Section 3. Information Technology
https://doi.org/10.29013/ESR-20-7.8-19-22
Hrybkov Serhii Vitaliiovich, PhD, Associate Professor, Department of Information Systems National University of Food Technologies, Kiev, Ukraine
E-mail: [email protected] Seidykh Olga Leonidovna, National University of Food Technologies, Senior lecturer, Department of Informatics, Kiev, Ukraine
E-mail: [email protected]
HYBRID ALGORITHM BASED ON FISH SCHOOL SEARCH AND GREY WOLF OPTIMIZER ALGORITHMS FOR FOOD ENTERPRISE MANAGEMENT
Abstract. The article proposes a hybrid method on the basis of optimization algorithms inspired by nature for solving problems of food enterprise production process management in conditions of uncertainty and risk. This hybrid algorithm is based on FSS (Fish School Search) and GWO (Grey Wolf Optimizer) algorithms. The advantages of algorithm hybridization are the formation of alternative solutions to the production management task of finding the desired global optimum within a reasonable time with avoiding local optimums.
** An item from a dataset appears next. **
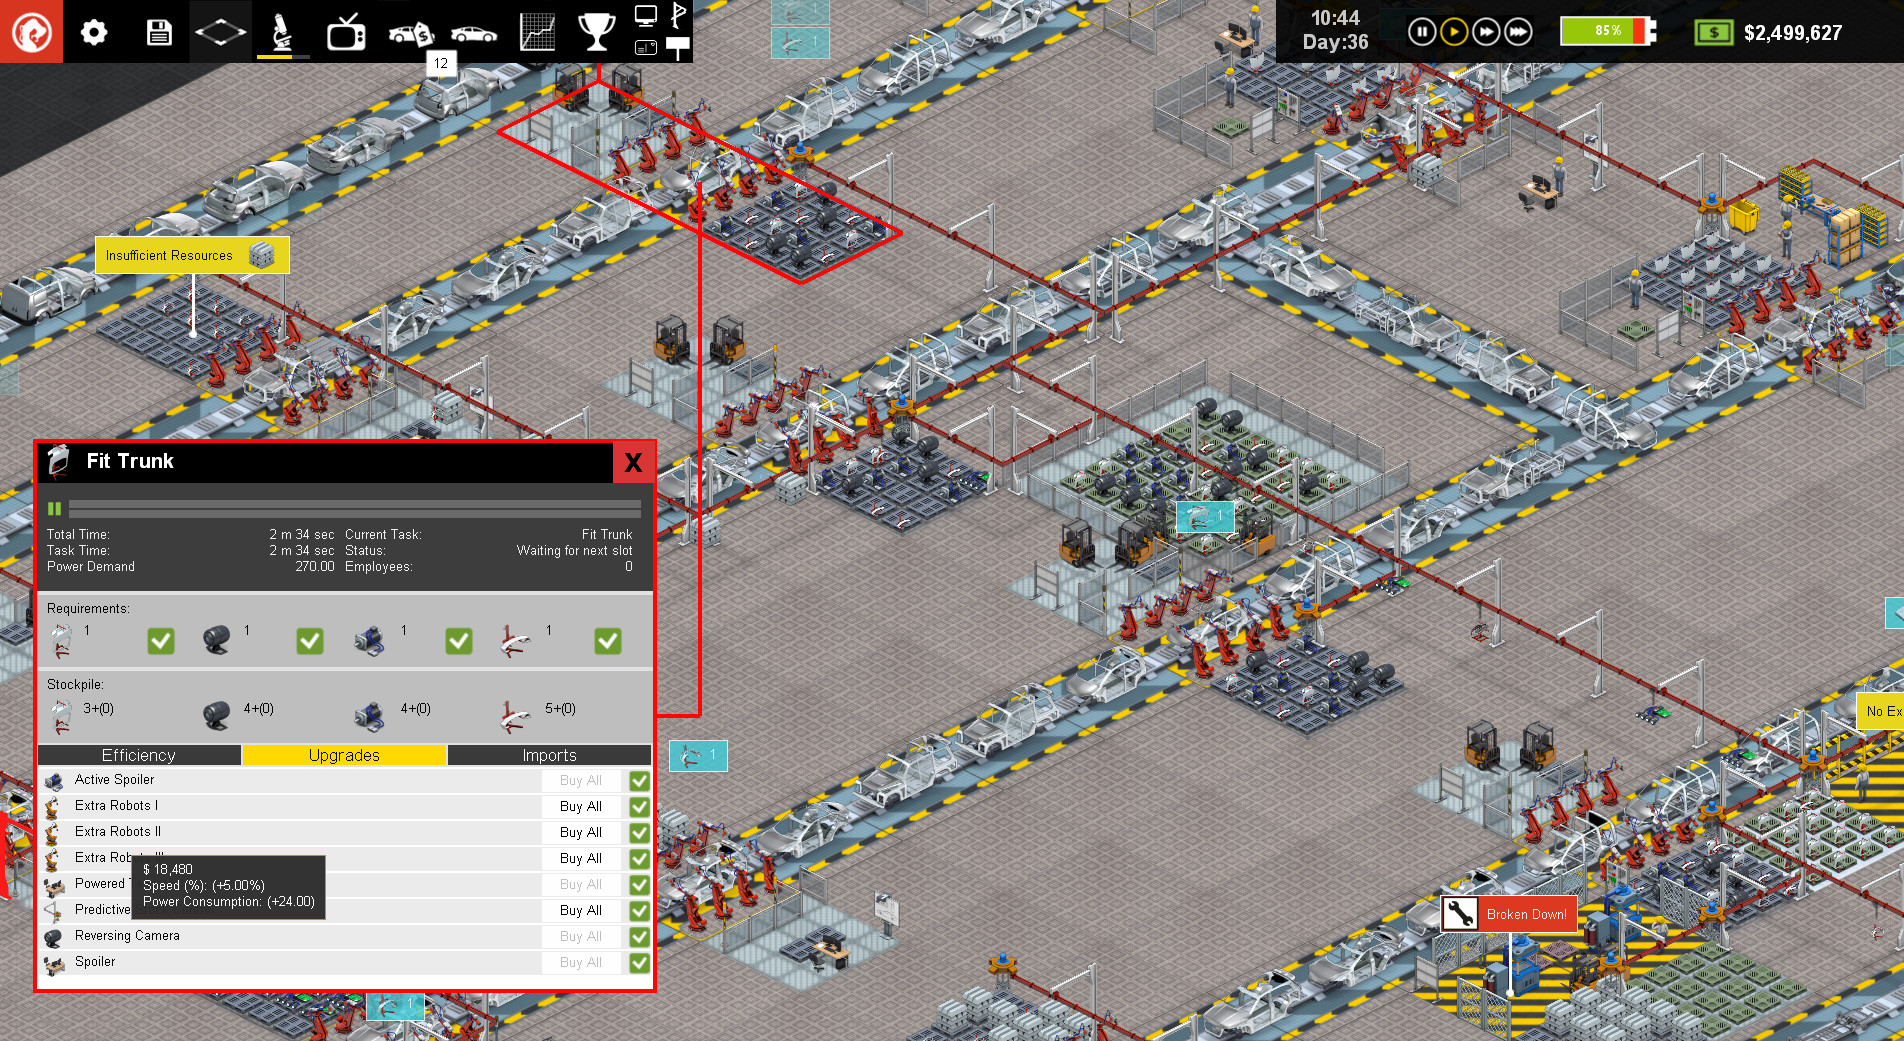 Production Line : Car factory simulation Free Download

Keywords: enterprise management, hybrid algorithm.
Introduction
Food industry enterprises are of strategic importance to many countries. Their functioning depends on the demand of the end user, seasonal fluctuations of prices for energy resources, raw materials and auxiliary supplies. Constant food market competition is based on the flow of goods from internal and external producers. All of the above requires the operational management of all parts of the enterprise in conditions of uncertainty and risk, which cannot be achieved using standard management methods that lead to the waste of time and cannot ensure real-time management.
The main task of management is to ensure the manufacture of products in full and range to meet the needs of customers for a given time. Such task belongs to the class of multiobjective NP-hard combinatorial tasks [1; 2].
In the article [2], the authors proposed a mathematical model of the task of planning contract execution and a modified method of an ant colony for its implementation. But the disadvantage of the proposed approach is the orientation on the execution of service contracts.
The authors of the articles [3] proposed a hybrid planning algorithm based on particle swarm
optimization and ant colony optimization algorithm. The proposed algorithm does not take into account economic and social impacts in finding the optimal plan.
In [4], a critical analysis of common factors that hinder the planning ofvarious production processes based on optimization methods has been performed and approaches to their elimination have been proposed. But the article does not take into account the specific characteristics of food industry enterprises.
The task of production management using hybrid algorithms of the inspired by nature remains relevant despite the fact that solutions using classical, heuristic and evolutionary methods have been considered by various scientists.
Objects and research methods
The authors offer a new modified method based on a hybrid of FSS and GWO algorithms. As a mathematical model, the authors have taken the models given in [1; 2]. Depending on the general situation and trends of the whole enterprise, a task can include a certain set or all partial criteria [1].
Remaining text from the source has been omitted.